= River linking =

Project of linking two or more rivers

River linking is a project of linking two or more rivers by creating a network of manually created reservoirs and canals, and providing land areas that otherwise does not have river water access and reducing the flow of water to sea using this means. It is based on the assumptions that surplus water in some rivers can be diverted to deficit rivers by creating a network of canals to interconnect the rivers.

==Reasons and motivations==
For an instance, in India the rainfall over the country is primarily orographic, associated with tropical depressions originating in the Arabian Sea and the Bay of Bengal. The summer monsoon accounts for more than 85 per cent of the precipitation. The uncertainty of occurrence of rainfall marked by prolonged dry spells and fluctuations in seasonal and annual rainfall is a serious problem for the country. Large parts of Haryana, Maharashtra, Andhra Pradesh, Rajasthan, Gujarat, Madhya Pradesh, Karnataka and Tamil Nadu are not only in deficit in rainfall but also subject to large variations, resulting in frequent droughts and causing immense hardship to the population and enormous loss to the nation. The water availability even for drinking purposes becomes critical, particularly in the summer months as the rivers dry up and the ground water recedes. Regional variations in the rainfall lead to situations when some parts of the country do not have enough water even for raising a single crop. On the other hand, excess rainfall occurring in some parts of the country creates havoc due to floods.

Irrigation using river water and ground water has been the prime factor for raising the food grain production in India from a mere 50 million tonnes in the 1950s to more than 200 million tonnes at present, leading India to attain self-sufficiency in food. Irrigated area has increased from 22 million hectares to 95 million hectares during this period. The population of India, which is around 1100 million at present, is expected to increase to 1500 to 1800 million in the year 2050 and that would require about 450 million tonnes of food grains. For meeting this requirement, it would be necessary to increase irrigation potential to 160 million hectares for all crops by 2050. India's maximum irrigation potential that could be created through conventional sources has been assessed to be about 140 million hectares. For attaining a potential of 160 million hectares, other strategies shall have to be evolved.

Floods are a recurring feature, particularly by the Brahmaputra and Ganga rivers, in which almost 60 per cent of the river flows of India occur. Flood damages, which were Rs. 52 crores in 1953, have gone up to Rs. 5,846 crores in 1998 with annual average being Rs. 1,343 crores affecting the States of Assam, Bihar, West Bengal and Uttar Pradesh along with untold human sufferings. On the other hand, large areas in the States of Rajasthan, Gujarat, Andhra Pradesh, Karnataka and Tamil Nadu face recurring droughts. As much as 85 percentage of drought prone area falls in these States.
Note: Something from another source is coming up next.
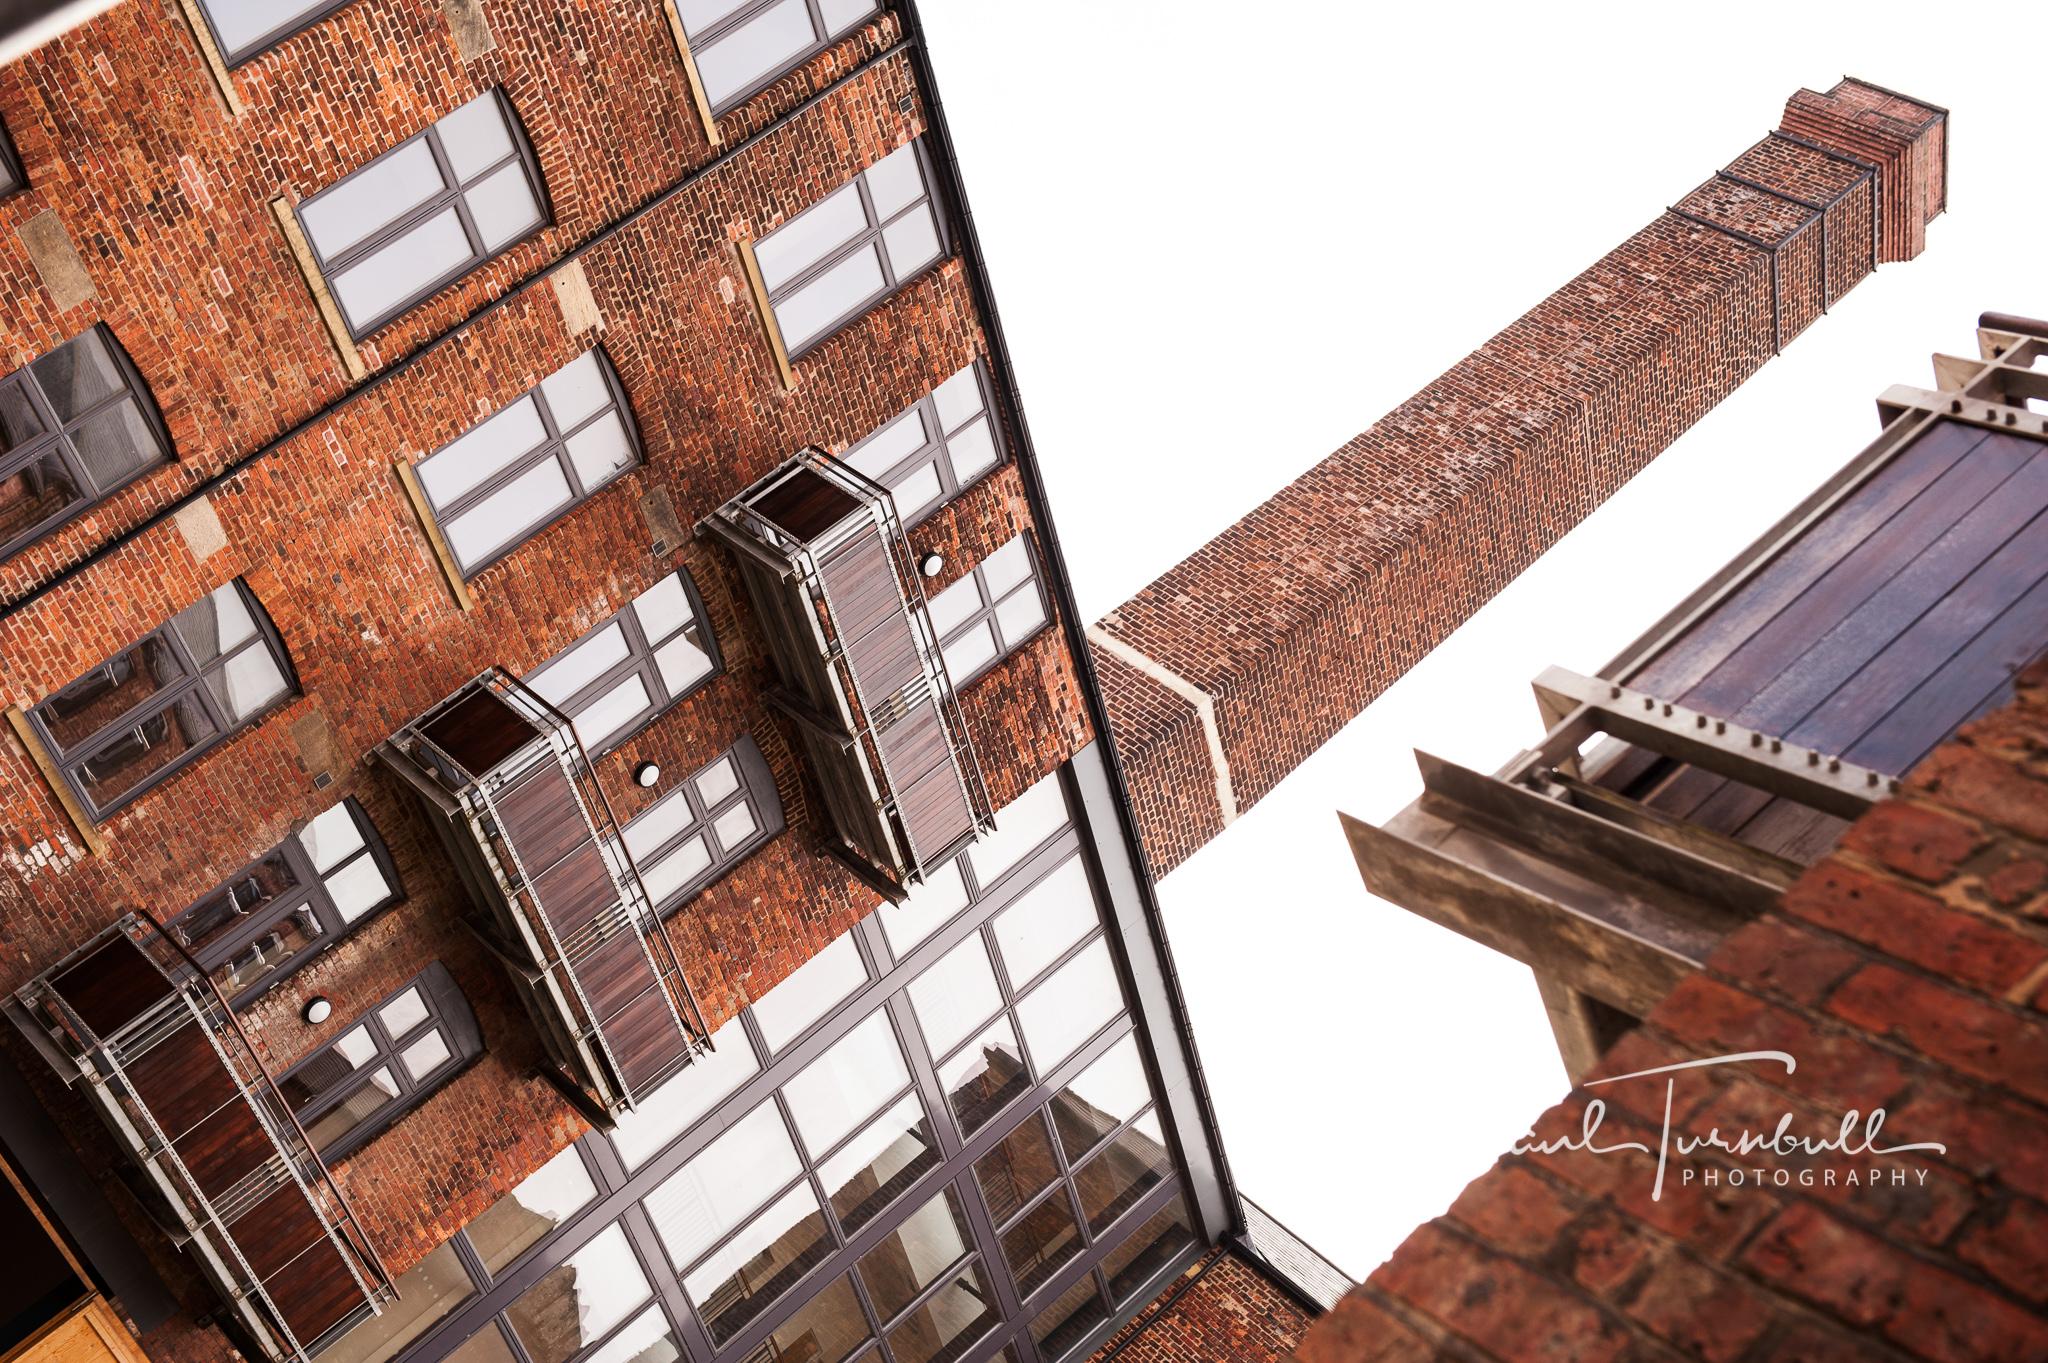 commercial-property-photographer-leeds-yorkshire-blackbrook-developments-002.jpg

One of the most effective ways to increase the irrigation potential for increasing the food grain production, mitigating floods and droughts and reducing regional imbalance in the availability of water is the Inter Basin Water Transfer (IBWT) from the surplus rivers to deficit areas. Brahmaputra and Ganga particularly their northern tributaries, Mahanadi, Godavari and West Flowing Rivers originating from the Western Ghats are found to be surplus in water resources. If we can build storage reservoirs on these rivers and connect them to other parts of the country, regional imbalances could be reduced significantly and lot of benefits could be gained by way of additional irrigation, domestic and industrial water supply, hydropower generation, navigational facilities etc.

== Benefits ==

===Irrigation===
By linking the rivers, vast amount of land areas which will not otherwise be irrigated and are unusable for agriculture become fertile.

===Flood prevention===
During heavy rainy seasons some areas can experience heavy floods while other areas might be experiencing drought like situations. With network of rivers this problem can be greatly avoided by channeling excess water to areas that are not experiencing a flood or are dry.

===Generation of electricity===
With new canals built, feasibility of new dams to generate hydroelectric power becomes a possibility.

===Transportation===
Newly created network of canals opens up new routes and ways of water navigation, which is generally more efficient and cheaper compared to road transport.

==National River Linking Project in India==

The National River Linking Project (NRLP) is designed to ease water shortages in western and southern India while mitigating the impacts of recurrent floods in the eastern parts of the Ganga basin. The NRLP, if and when implemented, will be one of the biggest interbasin water transfer projects in the world.

===Aqua life===
A number of leading environmentalists are of the opinion that the project could be an ecological disaster. There would be a decrease in downstream flows resulting in reduction of fresh water inflows into the seas seriously jeopardizing aquatic life.

=== Deforestation ===
Creation of canals would need large areas of land resulting in large scale deforestation in certain areas.

===Areas getting submerged===
Possibility of new dams comes with the threat of large otherwise habitable or reserved land getting submerged under water or surface water.

===Displacement of people===
As large strips of land might have to be converted to canals, a considerable population living in these areas must need to be rehabilitated to new areas.

===Dirtying of clean water===
As the rivers interlink, rivers with dirty water will get connect to rivers with clean water, hence dirtying the clean water.